● Directions:
Would you retype the whole listing verbatim, keeping pictures out of it?

● Data segment:
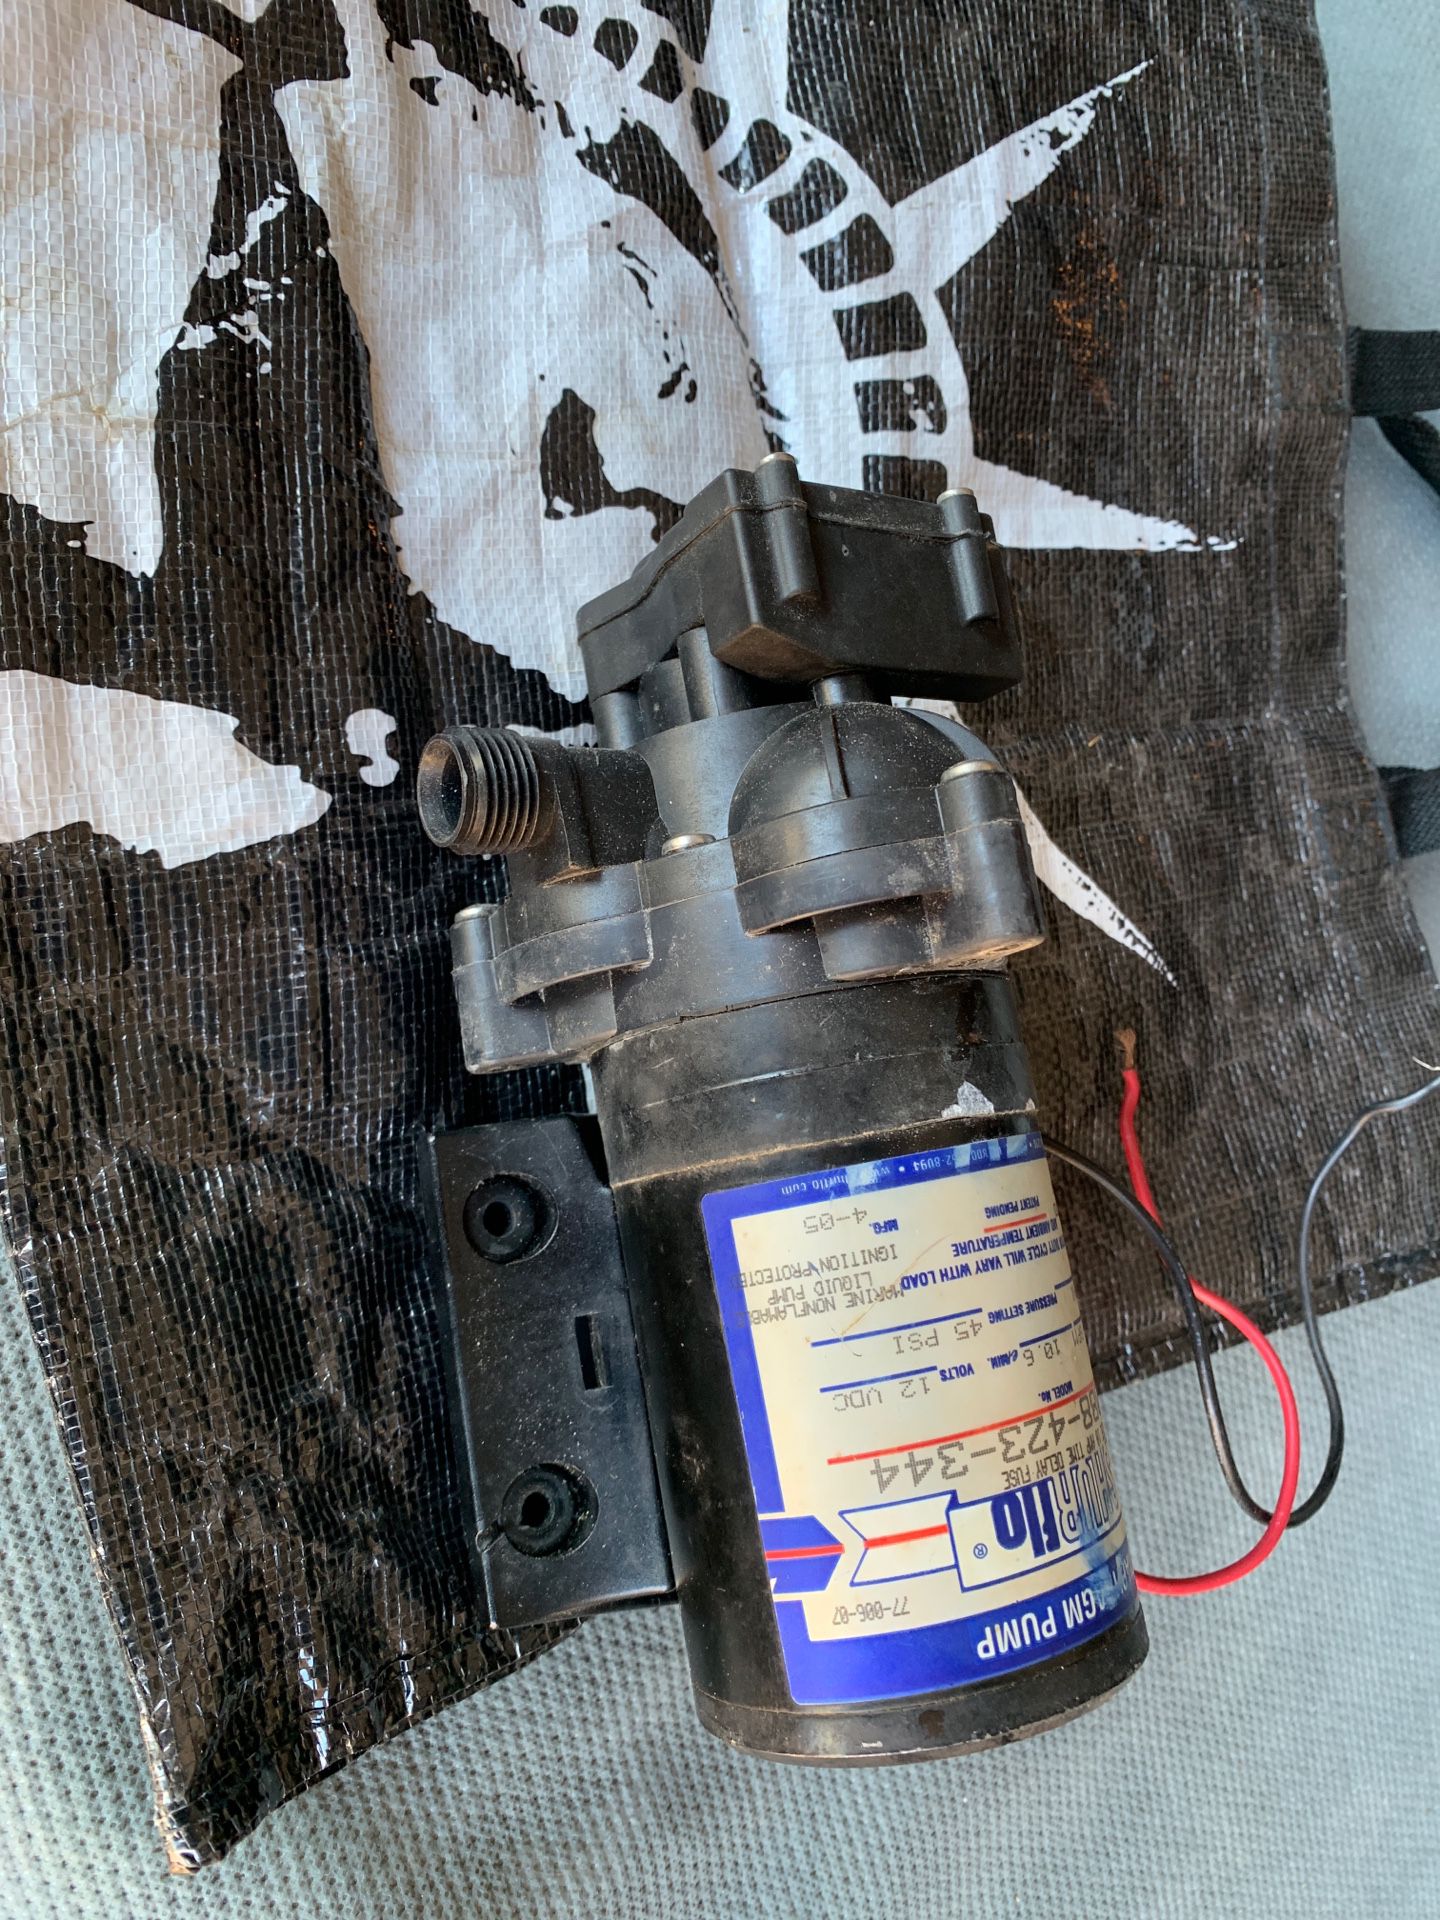 Sureflow diaphragm pump works good inlet connection is broken (can be tapped). Good for parts or repair
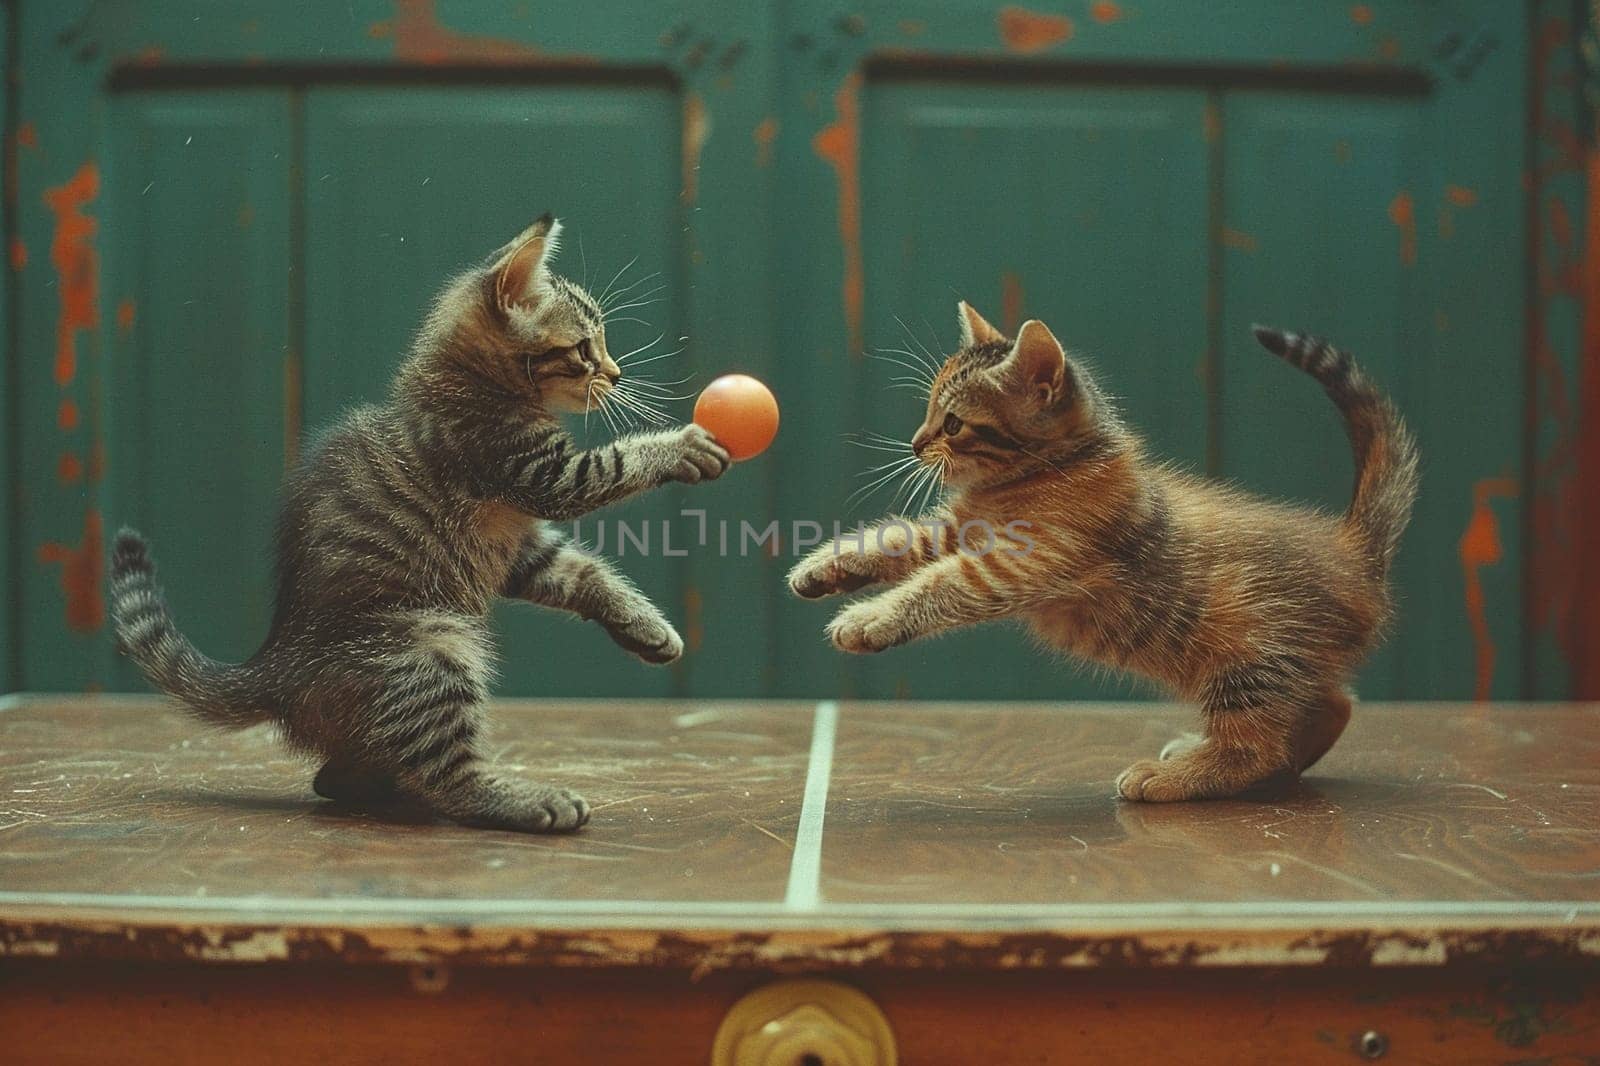 Two gray kittens play ping pong on a tennis table.
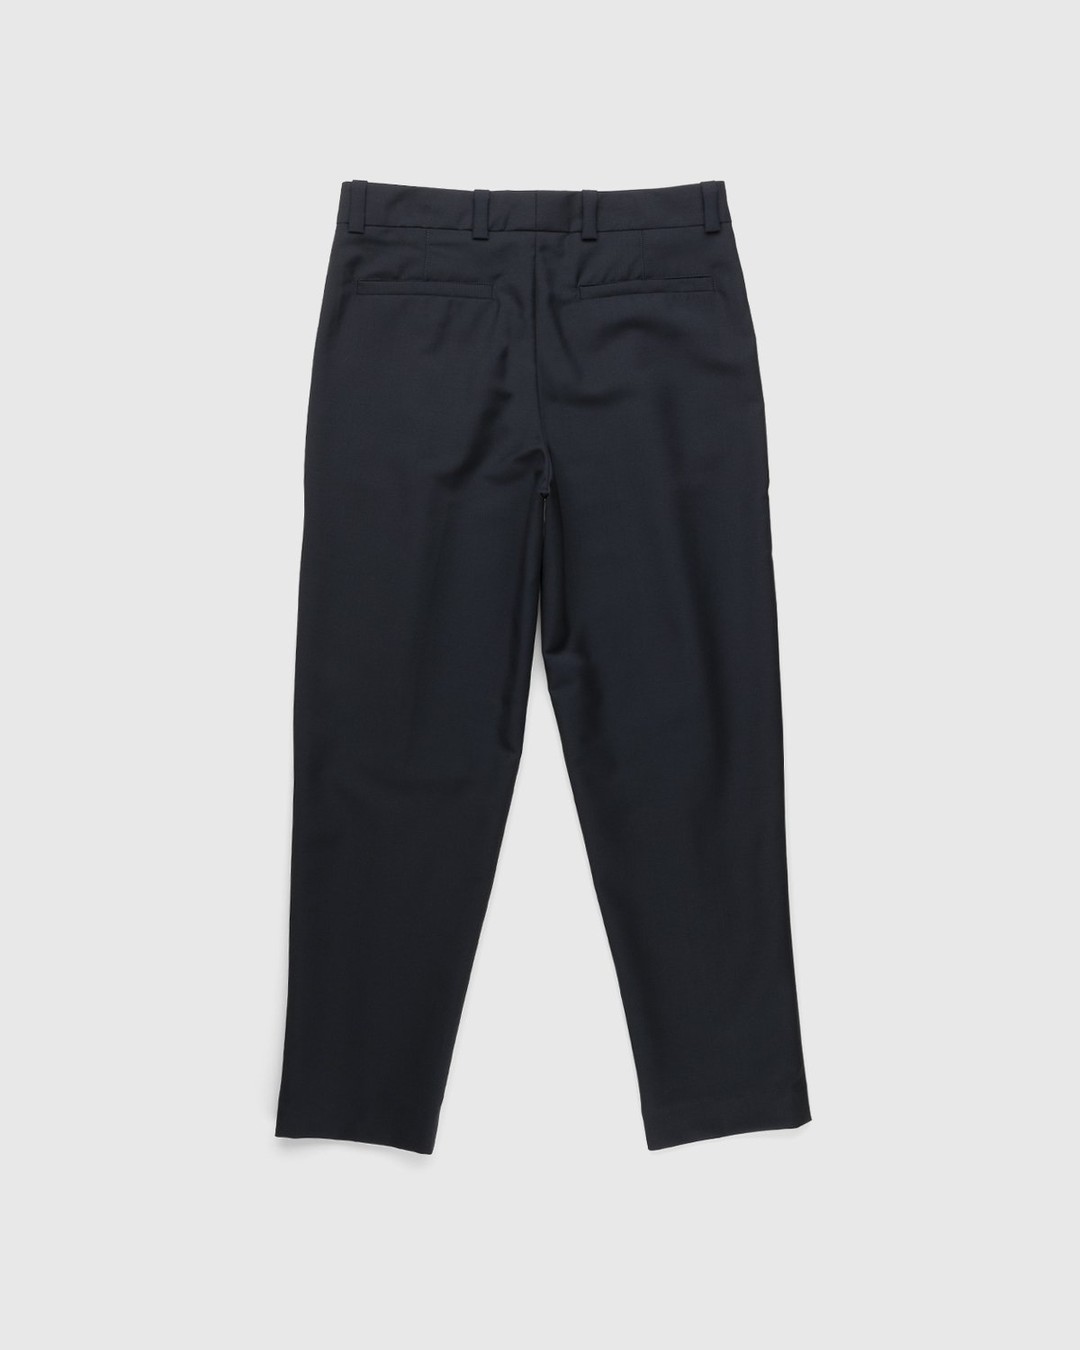 Acne Studios – Mohair Pleated Trousers Navy - Pants - Blue - Image 2

● Finished exercise:
 Sureflow diaphragm pump works good inlet connection is broken (can be tapped). Good for parts or repair
 Two gray kittens play ping pong on a tennis table.
 Acne Studios – Mohair Pleated Trousers Navy - Pants - Blue - Image 2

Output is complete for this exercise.